:: WHAT YOU NEED TO DO ::
Lower down are entries containing pictures. Copy exactly, without those pictures, the lines from the line with "Weathered and some losses." through the line with "Sonic Frontiers review card".

:: RECORDS TO USE ::
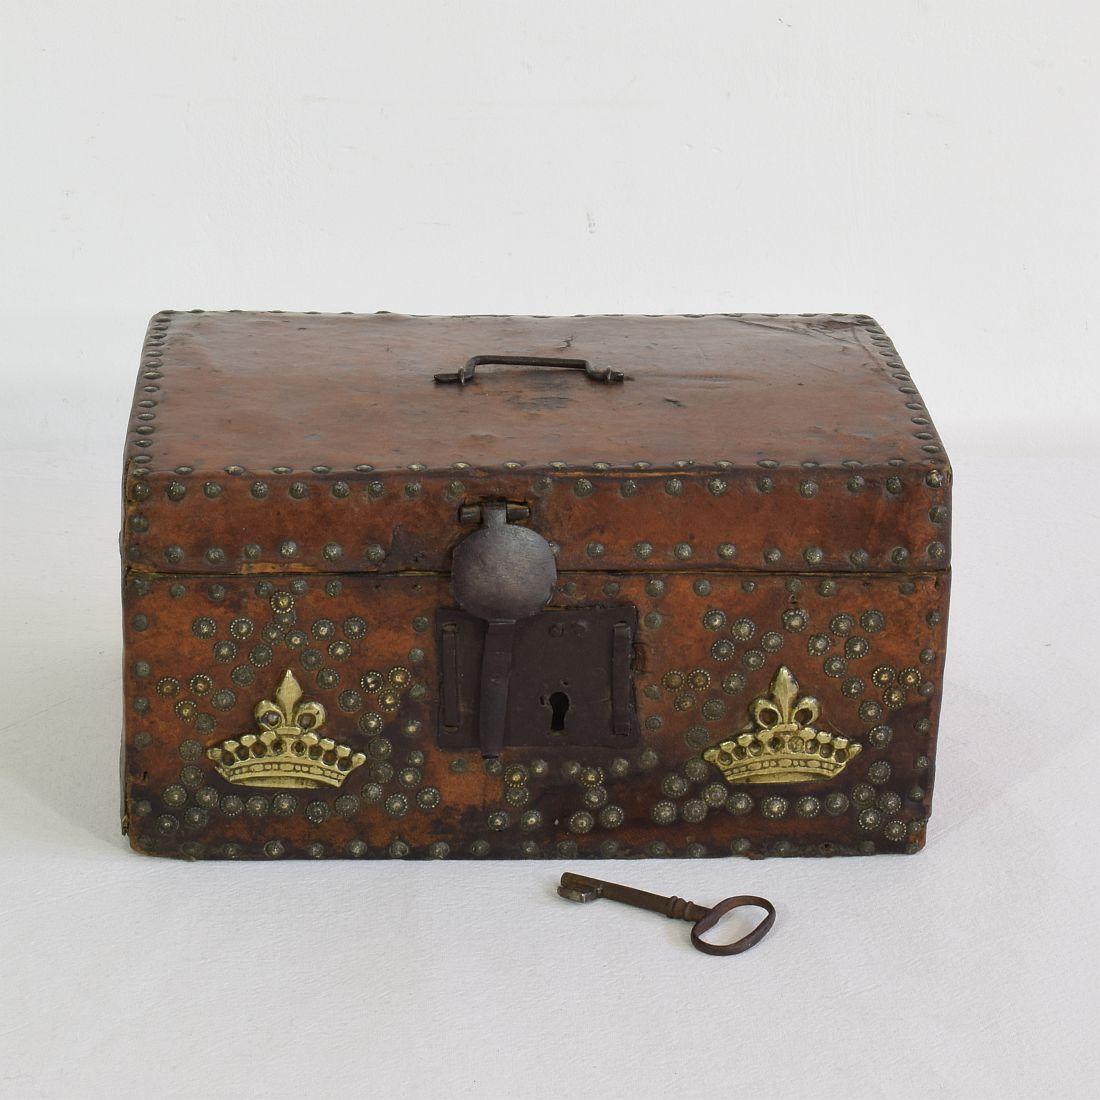 Extremely old box that is covered with leather and decorated with iron and brass. 
Rare find with original and working key and lock,
France, circa 1600-1700
Weathered and some losses.
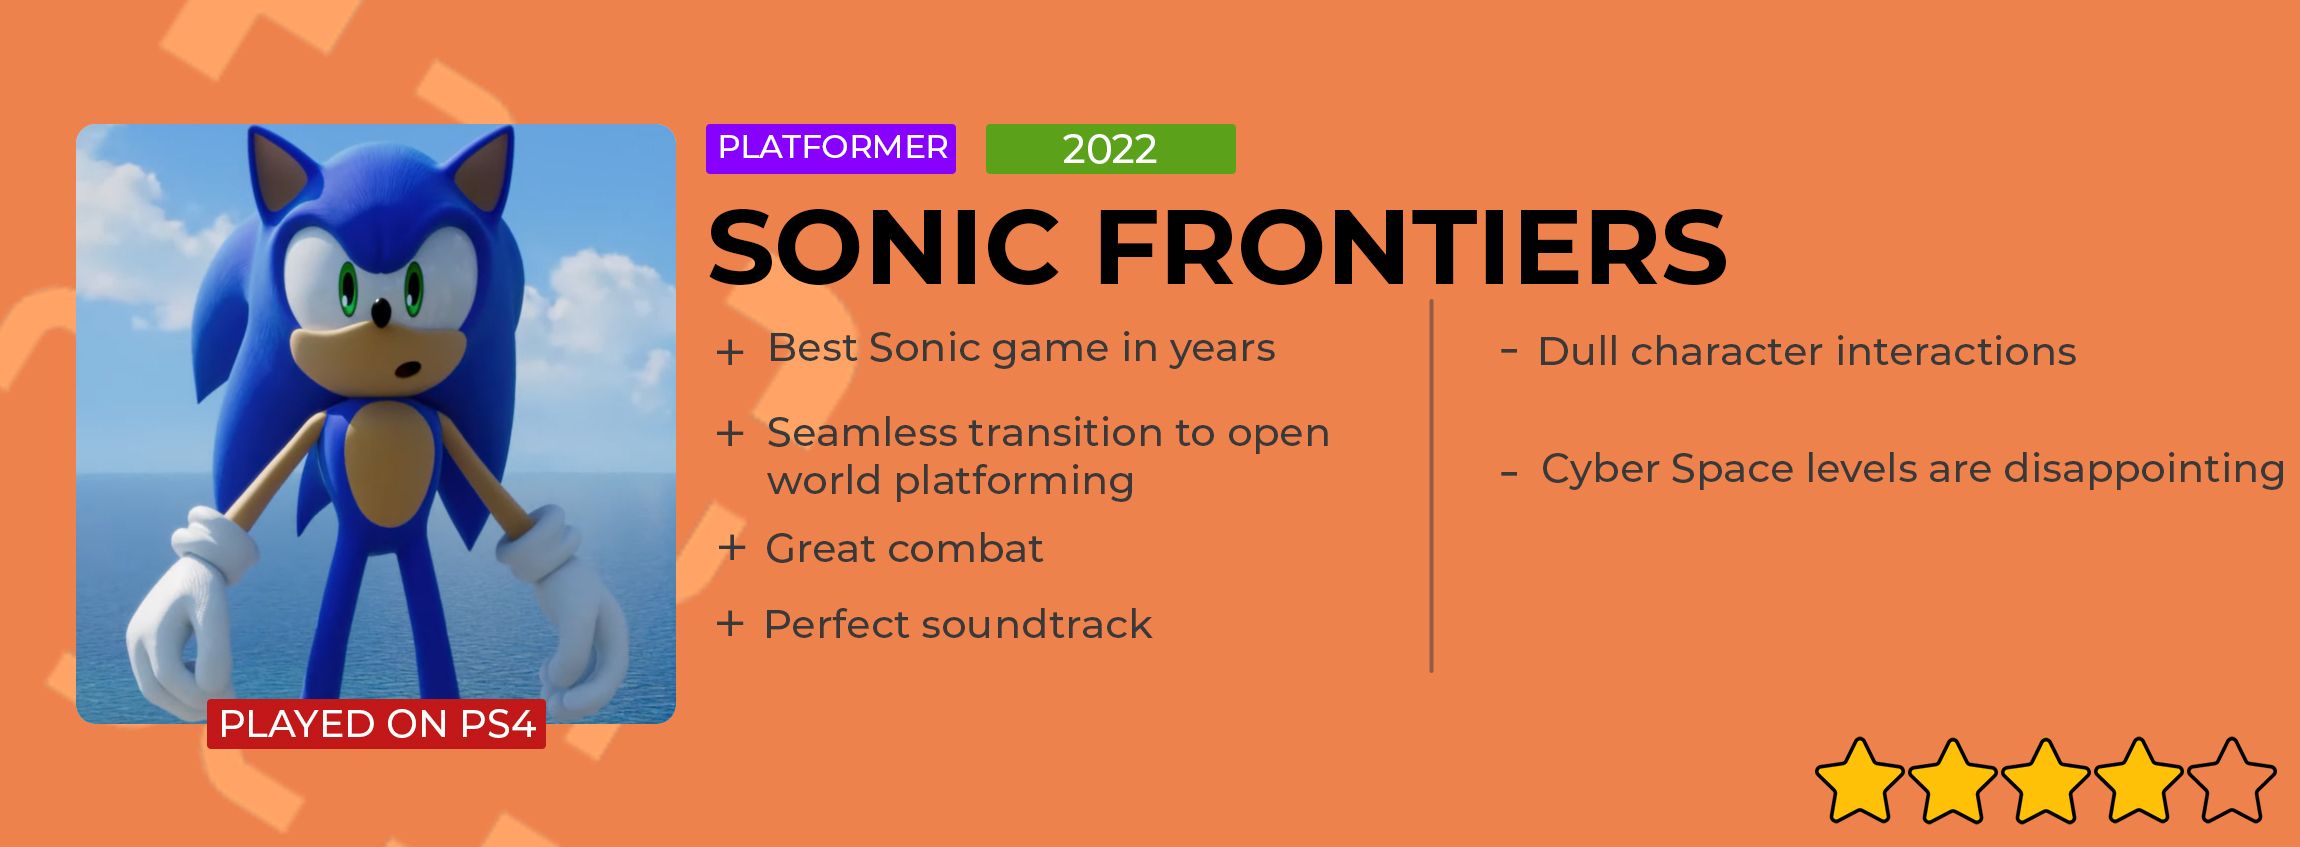 Sonic Frontiers review card
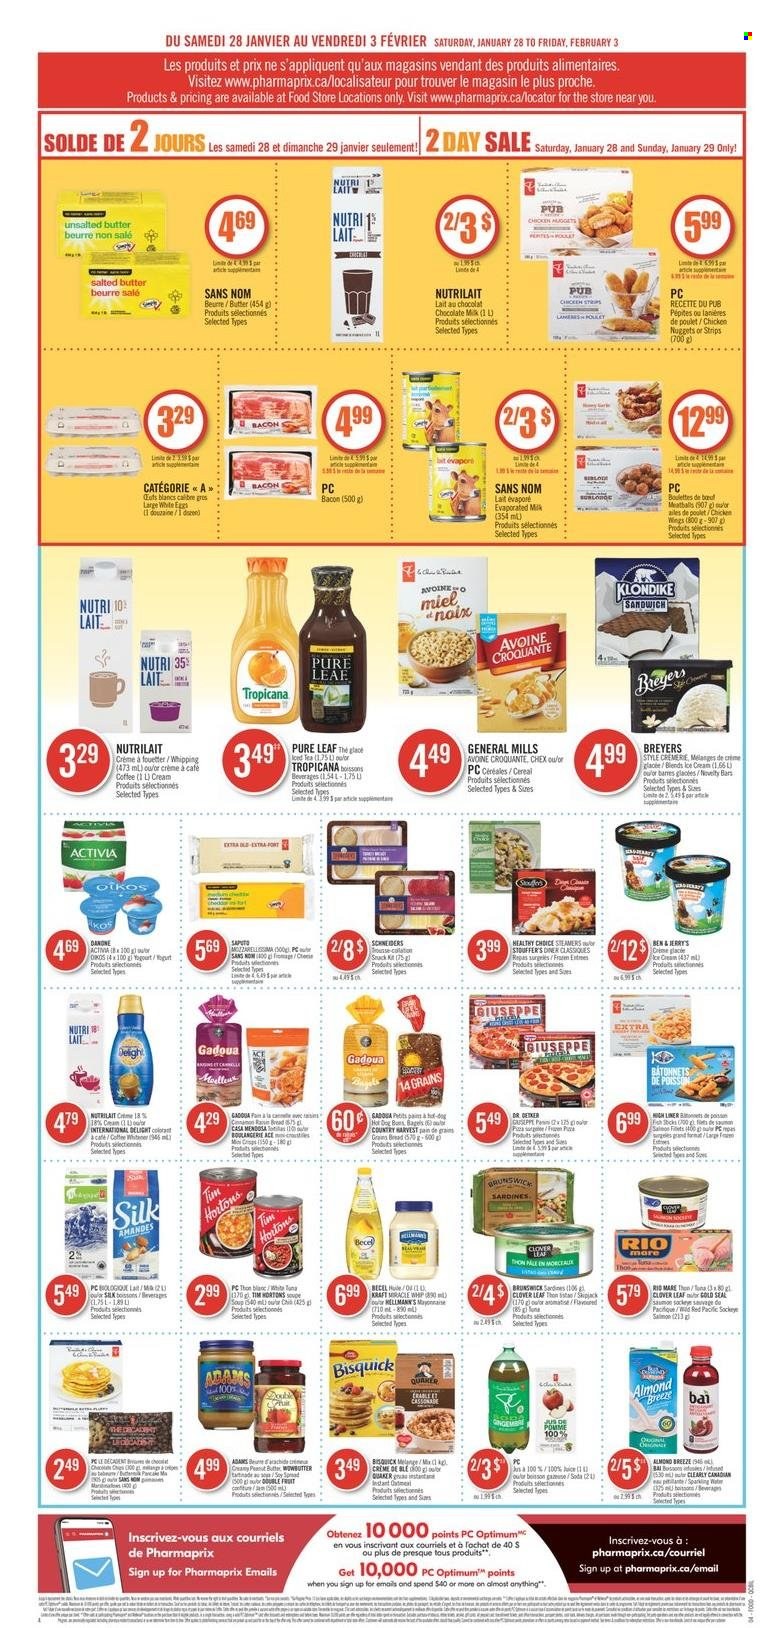 thumbnail - Pharmaprix Flyer - January 28, 2023 - February 03, 2023 - Sales products - bagels, bread, Ace, salmon, sardines, fish, fish fingers, fish sticks, hot dog, meatballs, sandwich, soup, nuggets, chicken nuggets, Quaker, Healthy Choice, Kraft®, bacon, Dr. Oetker, Clover, Activia, evaporated milk, Silk, Almond Breeze, eggs, salted butter, mayonnaise, Miracle Whip, Hellmann’s, ice cream, Ben & Jerry's, Country Harvest, chicken wings, strips, chicken strips, Stouffer's, milk chocolate, Bisquick, cereals, dried fruit, juice, Bai, soda, tea, Pure Leaf, Optimum, raisins, Danone. Page 3.

:: FINISHED EXERCISE ::
Weathered and some losses.
 Sonic Frontiers review card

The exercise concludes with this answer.